══ GIVEN INFORMATION

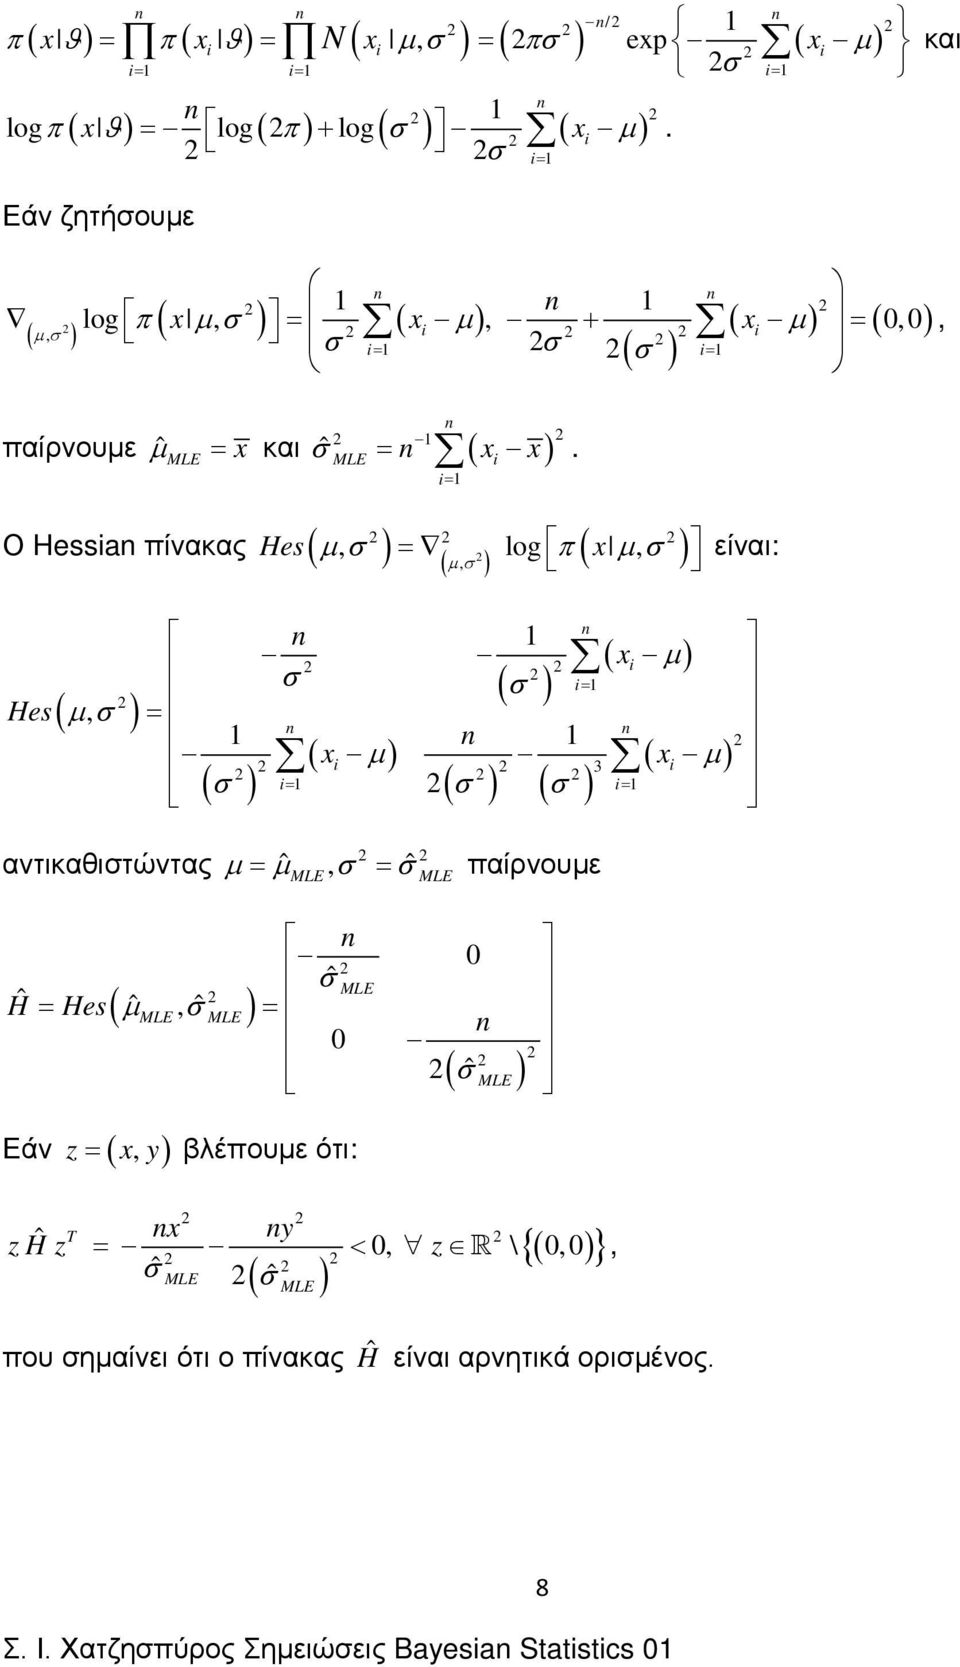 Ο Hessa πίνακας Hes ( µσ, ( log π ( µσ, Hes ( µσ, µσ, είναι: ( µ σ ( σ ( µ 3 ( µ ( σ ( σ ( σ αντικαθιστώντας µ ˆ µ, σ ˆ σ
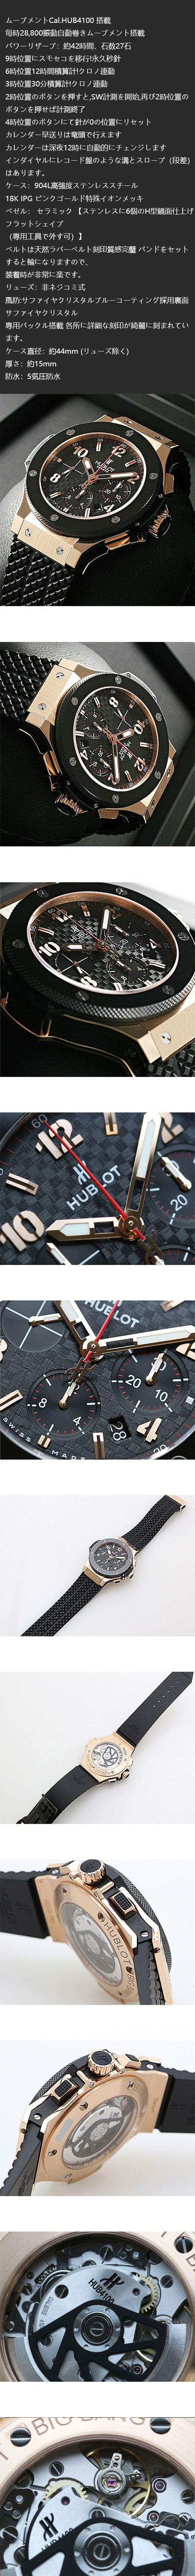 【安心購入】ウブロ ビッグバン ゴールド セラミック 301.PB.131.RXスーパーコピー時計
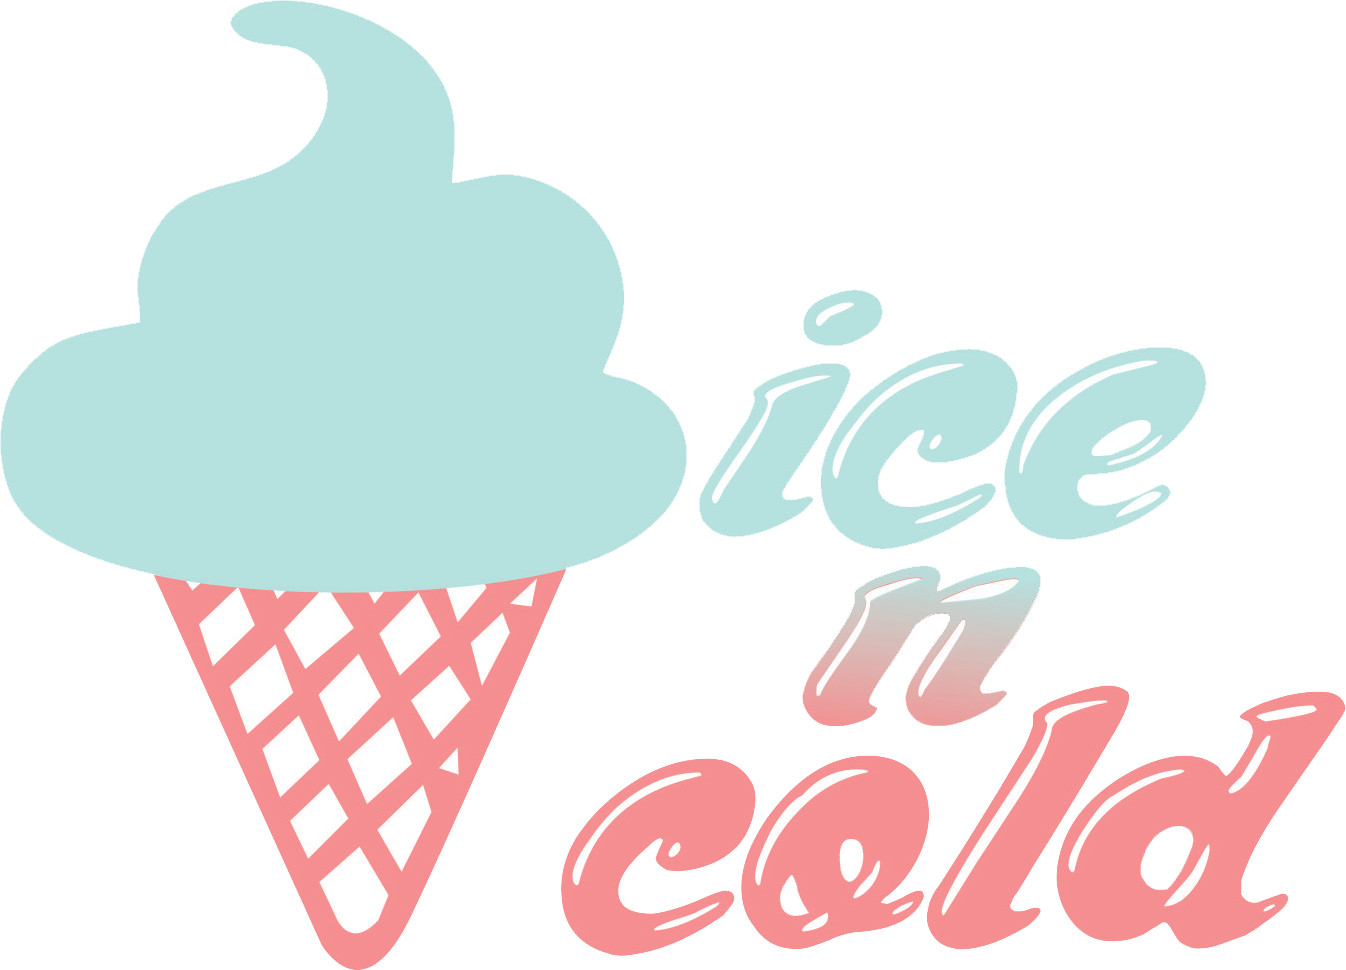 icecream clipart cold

════

▶ TASK BRIEF
Only an exact copy of the lines from the one with "ゴールド セラミック 301.PB.131.RXスーパーコピー時計" through the last line of the data above is wanted, and no pictures.

▶ TASK SOLUTION
 【安心購入】ウブロ ビッグバン ゴールド セラミック 301.PB.131.RXスーパーコピー時計
 icecream clipart cold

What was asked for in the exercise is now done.